По-прежнему я думал о ней ежедневно, обращался к ней в своих мыслях, посвящал ей все, что выходило из-под моего пера.
«Стой! – писал я о ней, лишь о ней одной. – Какою я теперь тебя вижу – останься навсегда такою в моей памяти!.. Стой! И дай мне быть участником твоего бессмертия, урони в душу мою отблеск твоей вечности!»
В моем доме был устроен своего рода алтарь – перед ее портретом лежал засушенный цветок, который она как известная Кармен как-то бросила на дорожку, а я поднял, несколько ее писем и бронзовая статуэтка медведя, которую она подарила мне в память о той шкуре, что мы с приятелями как-то – кажется, сотню лет назад – принесли в ее гримерную. Но все это было сродни какому-то почти религиозному поклонению, мало имевшему отношения к живой Полине. Та Полина, что осталась во Франции, была моим ближайшим другом, человеком, чьим талантом я восхищался до глубины души и с кем всегда мог поделиться мыслями. Та, что смотрела на меня с портрета, была символом всей моей жизни, идеалом, который я пытался найти.

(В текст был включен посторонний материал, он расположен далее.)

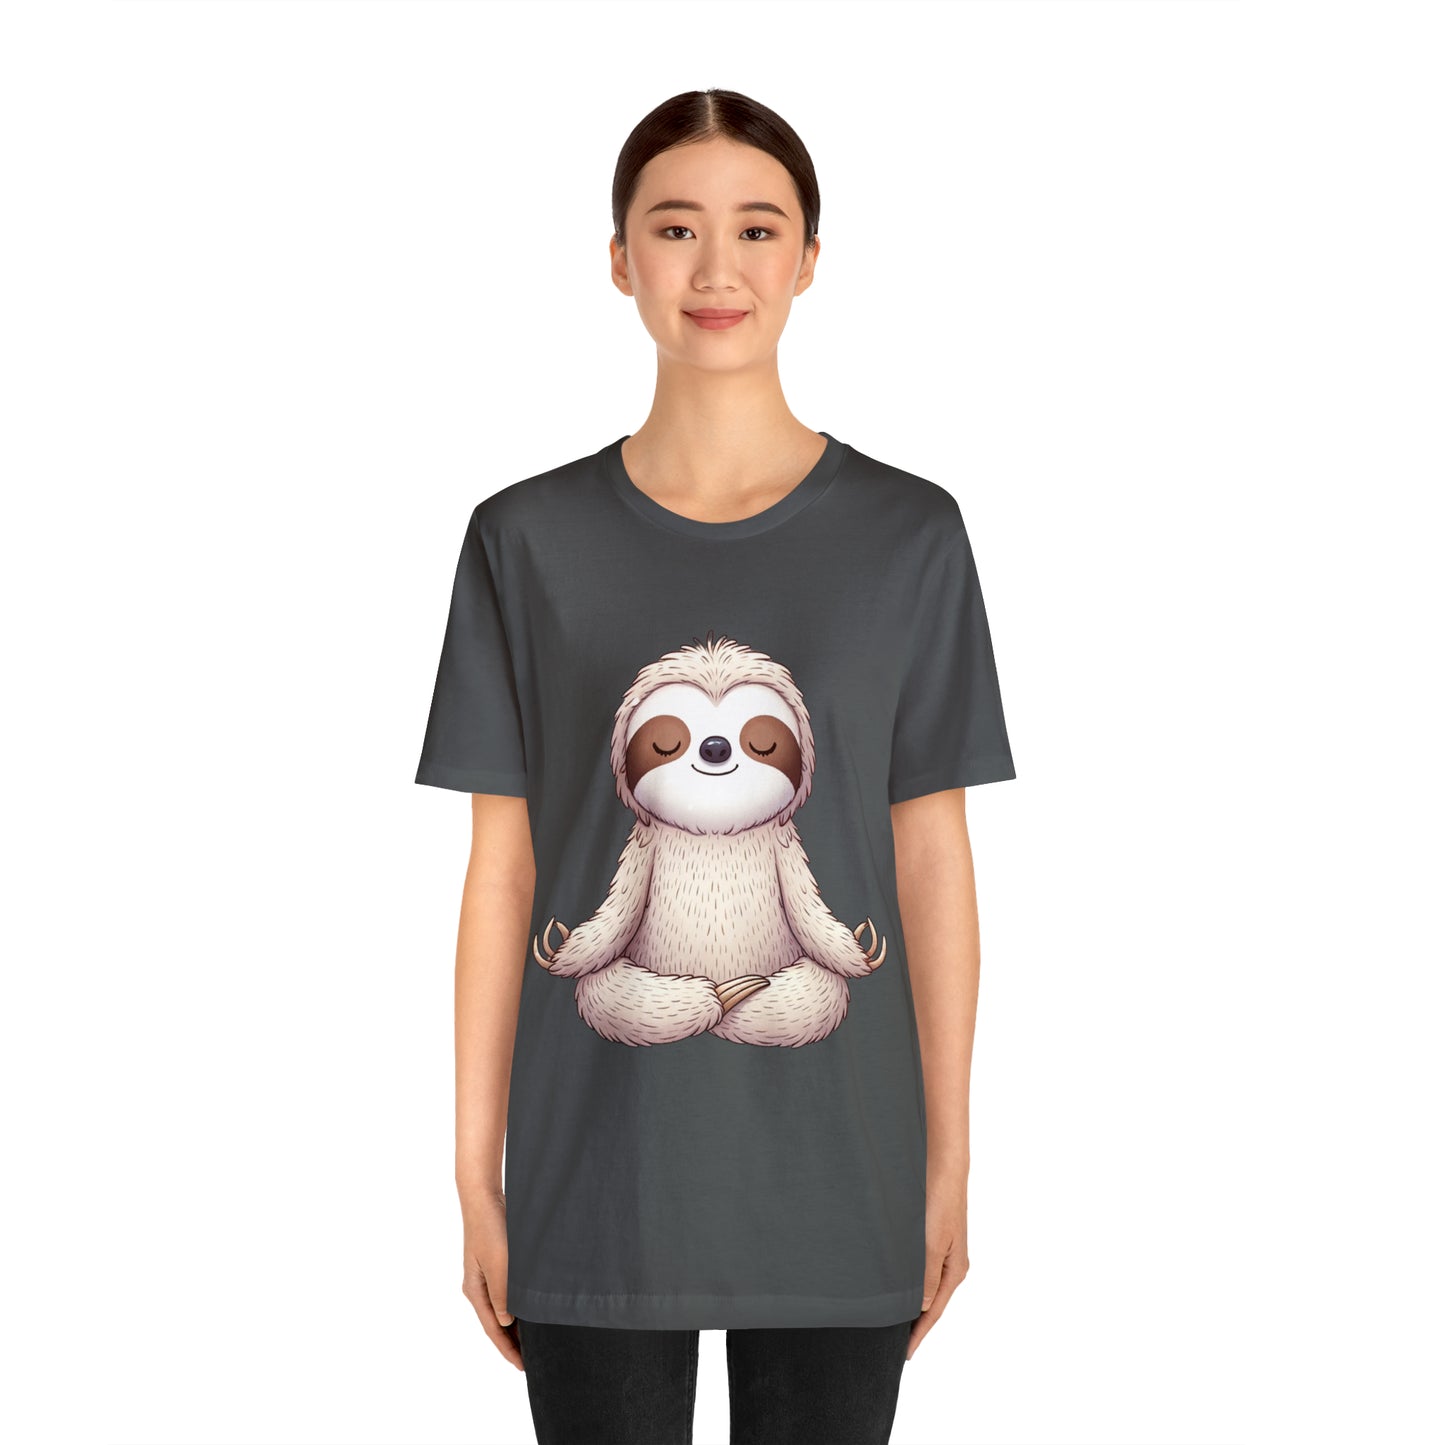 Sloth Yoga T-Shirt, Yoga Shirt, Sloth Lover,Tshirt, Funny Shirt, Yoga Lover

При этом я не считал зазорным проводить вечера в обществе девушек, и в основном внимание мое привлекала юная актриса Мария Савинова. Разница наша в возрасте была огромна – ей было лишь восемнадцать лет, – но, однако же, я тоже сумел чем-то привлечь ее. Видеть ее восхищенный, затуманенный чувствами взгляд, слышать живой и томный голос было для меня истинным наслаждением, и я, словно махнув рукой на все свое прошлое, с отчаянной решимостью сделал ей предложение.
С ней я не был ни робким, ни застенчивым, как с Полиной, к которой долгие годы не смел даже прикоснуться, и талант моей Мари, хоть и восхищал меня, но не заставлял трепетно благоговеть и мучительно краснеть всякий раз, как я видел ее. Да и что там говорить – в моем возрасте уже нечего было и думать о романтической страстной влюбленности.
Совершенно неожиданно Мари мое предложение приняла. Мне уже пора было возвращаться во Францию, и я предложил ей, взяв, разумеется, с собой компаньонку, сопровождать меня в моем путешествии.
Во Францию мы с Мари приехали вместе, и это произвело настоящий фурор среди моих знакомых. Полина все еще оставалась в Бадене, и новости узнала лишь из моего письма. Я получил от нее вежливые, хоть и слегка недоуменные поздравления, и решил, что, узнав мою избранницу получше, она, несомненно, больше порадуется за меня. В конце концов, почему бы мне на склоне лет не обзавестись собственной семьей?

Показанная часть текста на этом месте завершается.